System-on-Chip Test Architectures: Nanometer Design for Testability

Soft errors are transient single-event upsets (SEUs) caused by various types of radiation. Cosmic radiation has long been regarded as the major source of soft errors, especially in memories [May 1979], and chips used in space applications typically use parity or error-correcting code (ECC) for soft error protection. As circuit features begin to shrink into the nanometer ranges, error-causing activation energies are reduced. As a result, terrestrial radiation, such as alpha particles from the packaging materials of a chip, is also beginning to cause soft errors more frequently. This has created reliability concerns, especially for microprocessors, network processors, high-end routers, and network storage components.
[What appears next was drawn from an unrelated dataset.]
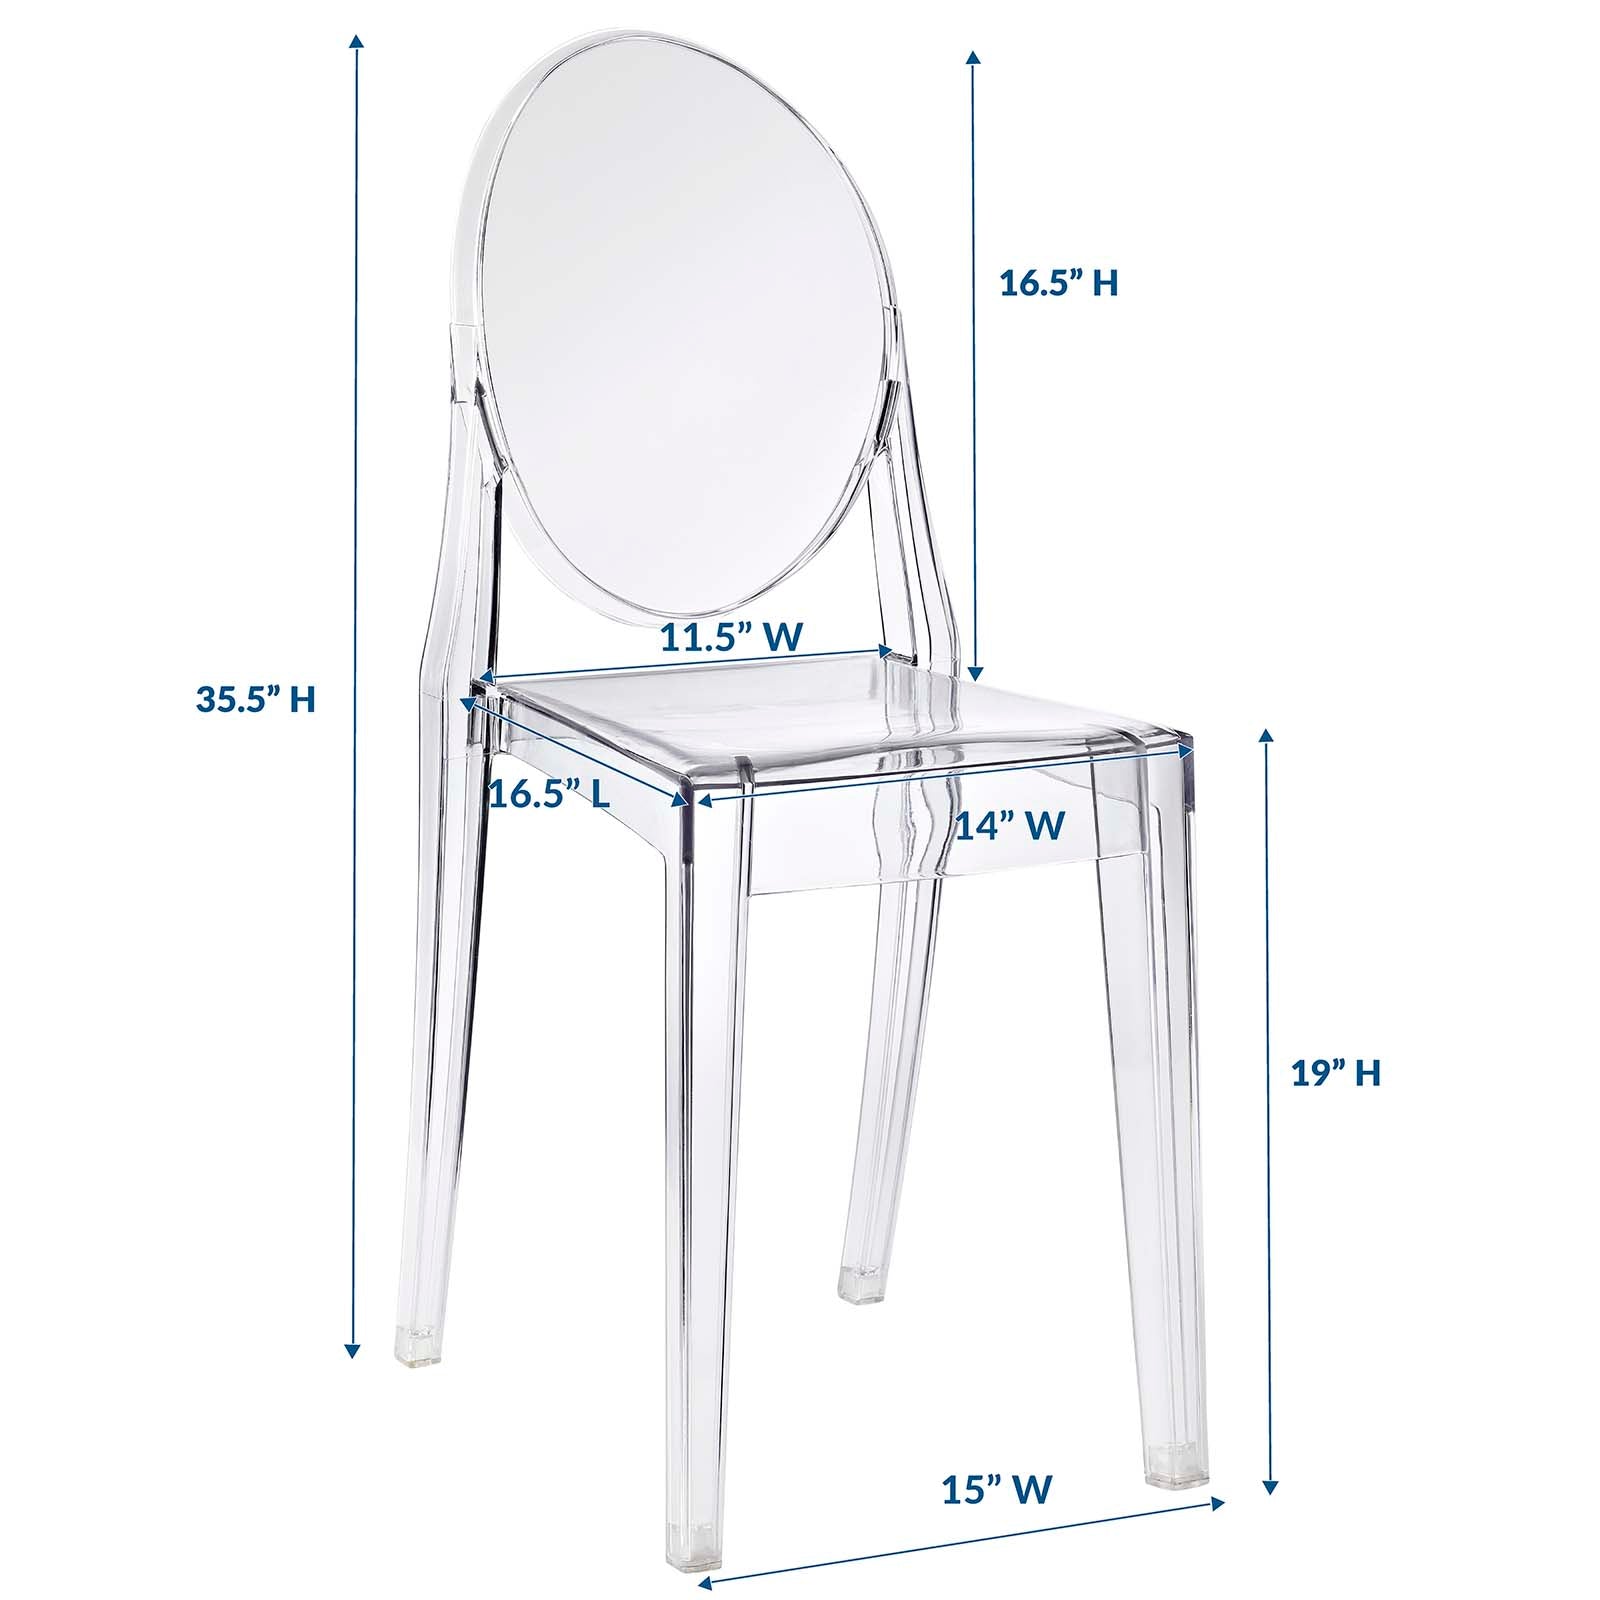 Casper Dining Side Chair - East Shore Modern Home Furnishings

In this section, we first illustrate the sources of soft errors and the soft error rate (SER) trends. Following a discussion of general fault tolerance schemes for soft error protection, we then discuss DIVA [Austin 1999] and Razor [Ernst 2003] [Ernst 2004], two representative error-resilient processor microarchitectures, as well as three soft error mitigation methods through built-in soft-error resilience (BISER) [Mitra 2005] and circuit-level modifications [Almukhaizim 2006] [Zhou 2006]. DIVA and Razor are mainly used for high-performance processor designs. BISER and circuit-level modification methods, however, are applicable to any design for soft error protection.
Soft errors are the result of transients that are induced in the circuit when a radiation particle strikes. This radiation can range from cosmic origin (when stars are formed and die) or from...